Vasyl Stus was commemorated in Kyiv on the site of the still not created park to be named after him
09 September, 16:45
Photo by Artem SLIPACHUK, The Day

Ukrainian poet, translator, and human rights activist Vasyl Stus died on September 4, 1985, in a camp for political prisoners in Perm oblast, Russia. Last Wednesday, his memory was honored in the Sviatoshyn district of Kyiv, on the site of the future Vasyl Stus Park. In particular, a memorial action “Add your clod of earth to Vasyl Stus’ memory mound” took place there. It was organized by the activists of the local Green World organization, who have been lobbying the creation of Vasyl Stus Park at the spot where he lived with his family from 1965 to 1972 for seven years.

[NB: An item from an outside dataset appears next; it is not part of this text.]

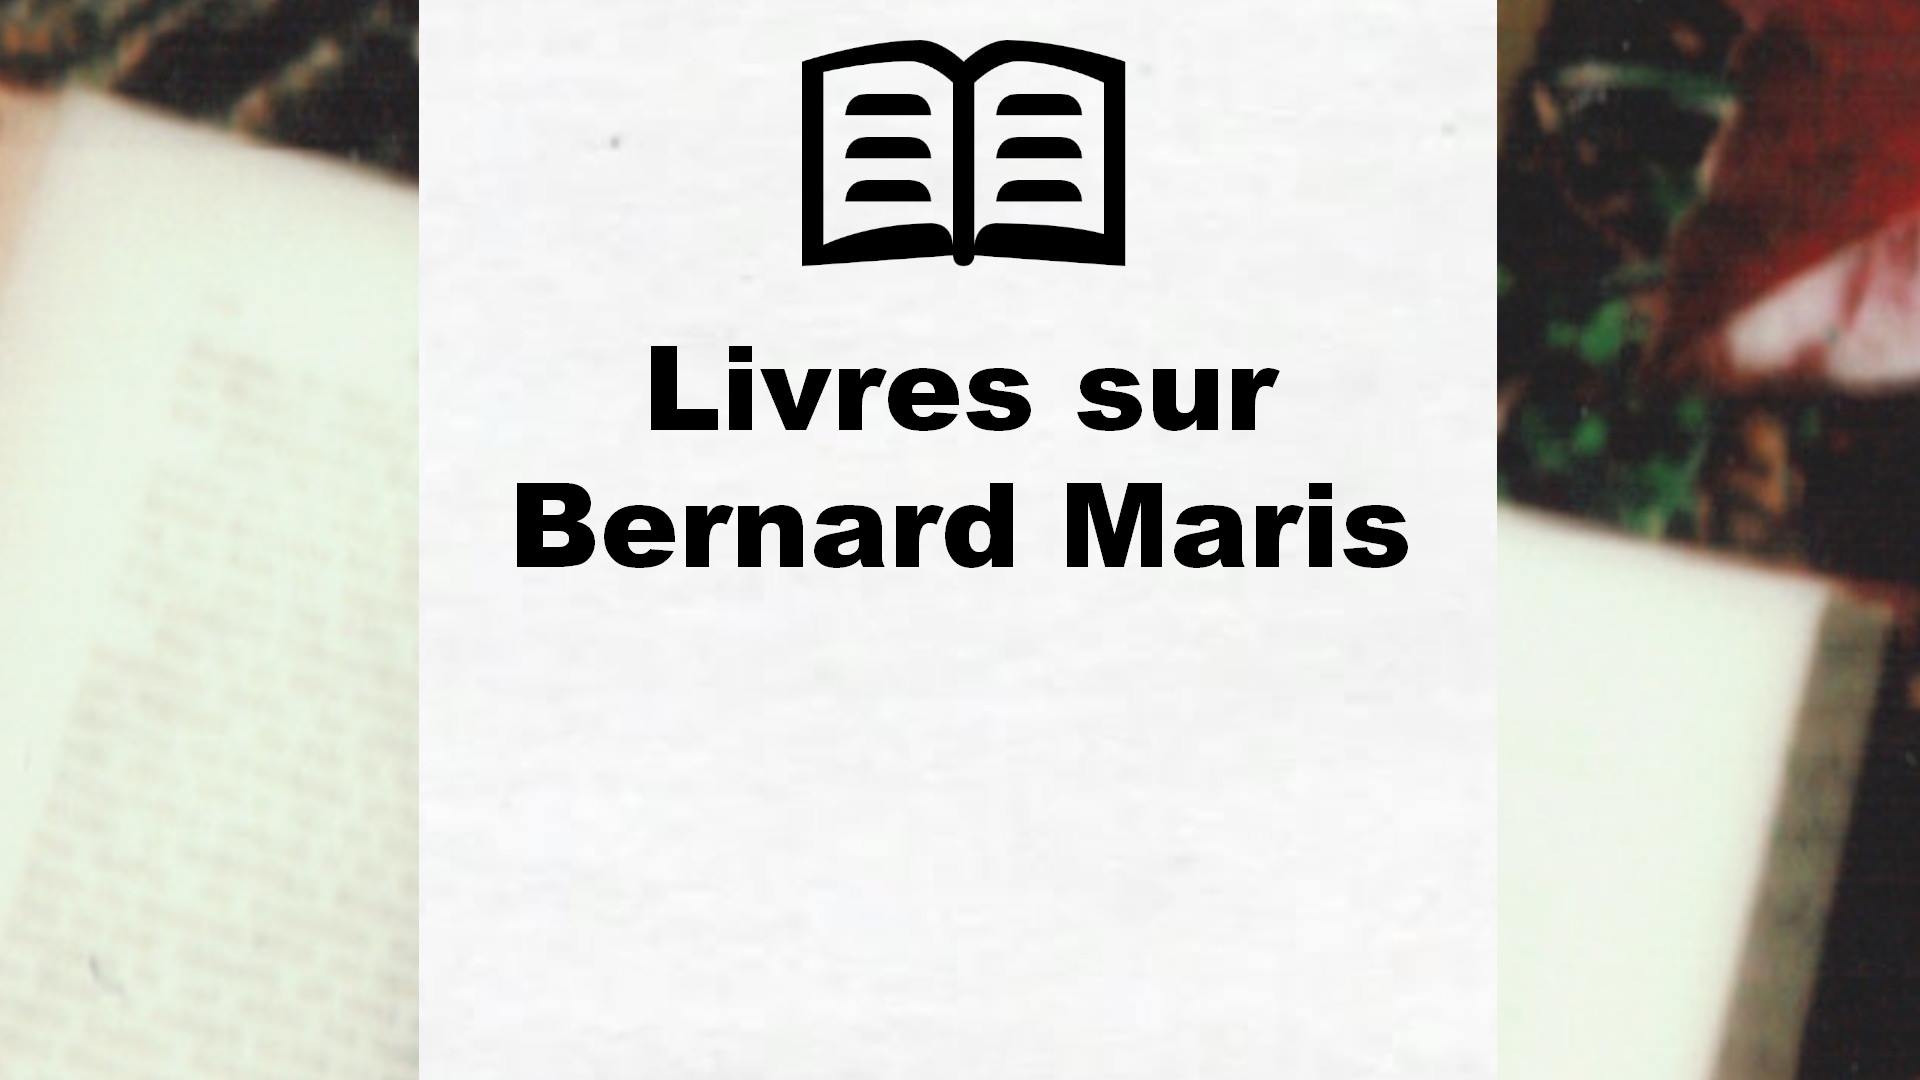 Livres sur Bernard Maris

More than 200 people came to commemorate the poet, including young people. According to the organizers’ estimation, students from 13 schools of Sviatoshyn district came to lay flowers and add a handful of earth to the memorial mound. Some of the school students recited poems written by Stus. “I am going to recite ‘On Golden Straw,’” tells the 11th grade student of the Kyiv Gymnasium No. 287 Mykyta BEREHULIA to The Day. “This poem shows the author’s attitude towards life: he was a very optimistic person.”

One of the organizers and sponsors of the park Viktor TKACHENKO explains that the fact that “children came to the event is the public’s achievement.” “But unfortunately, nobody knows where Stus Park is today. Everyone confuses it with that cleared park, which Kyiv City State Administration sold into private property and resolved to create a park across the street,” adds Tkachenko. According to him, the organizers decided to establish a memorial stone with “Vasyl Stus Park” inscribed on it, and build a mound in order for everyone to see where this park is located.

Traveling journalist, The Day’s author, and The Day’s Person of the Year (2010) Mykola Khriienko as well as political prisoner and publisher Vasyl Ovsiienko also participated in the event. “People, and especially the youth, need an example of someone courageous, brave, and morally irreproachable. That is what Vasyl Stus was like, since his whole life was service, and he understood his calling in this world,” Ovsiienko summed up.


TO THE POINT

A demonstration of the documentary Vasyl Stus. Special Look (2009, TVRip) took place on September 4 in the reading hall of the Lviv Oblast Universal Scientific Library at 13 Shevchenko Avenue. The demonstration was a part of the project “History in focus,” which was organized jointly by the social movement Zarvanytsia Initiative, the National Memorial Museum of Victims to Occupational Regimes “The Prison on Lontsky Street,” and the Lviv Oblast Universal Scientific Library. “We show Ukrainian documentaries which relate to key events and figures in Ukraine’s history,” explained the activist of the Zarvanytsia Initiative Yurii Antoniak as he told The Day about the goal of the project. “On Vasyl Stus Memorial Day, September 4, our event was certainly dedicated to this outstanding, perhaps even the greatest, Ukrainian poet of the 20th century. He is called Shevchenko of the 20th century for a reason.” “I am pleasantly surprised by the fact that this film is still demonstrated, since it was created four years ago,” told co-author and host of the film Oleh Manchura to The Day. If the film is still demonstrated, it is still relevant. Which means that nothing has changed over the past four years. As a matter of fact, such things should be part of the state informational policy, such things should be taught in schools, because obviously it is easier to perceive history not from textbooks and teachers’ lectures, but from visualization: students have to see a person or an event. In my opinion, Ukraine’s current informational space is either emptied out or stuffed with primitivism. Moreover, Ukrainians are still looking at the world through somebody else’s glasses. Stus, perhaps, was one of those who wanted to use his own, Ukrainian glasses. Let me remind that at that time, a discussion was going on whether the Donetsk University should be named after Stus, since he studied there. Well, they never renamed it. Which means, nothing has changed.”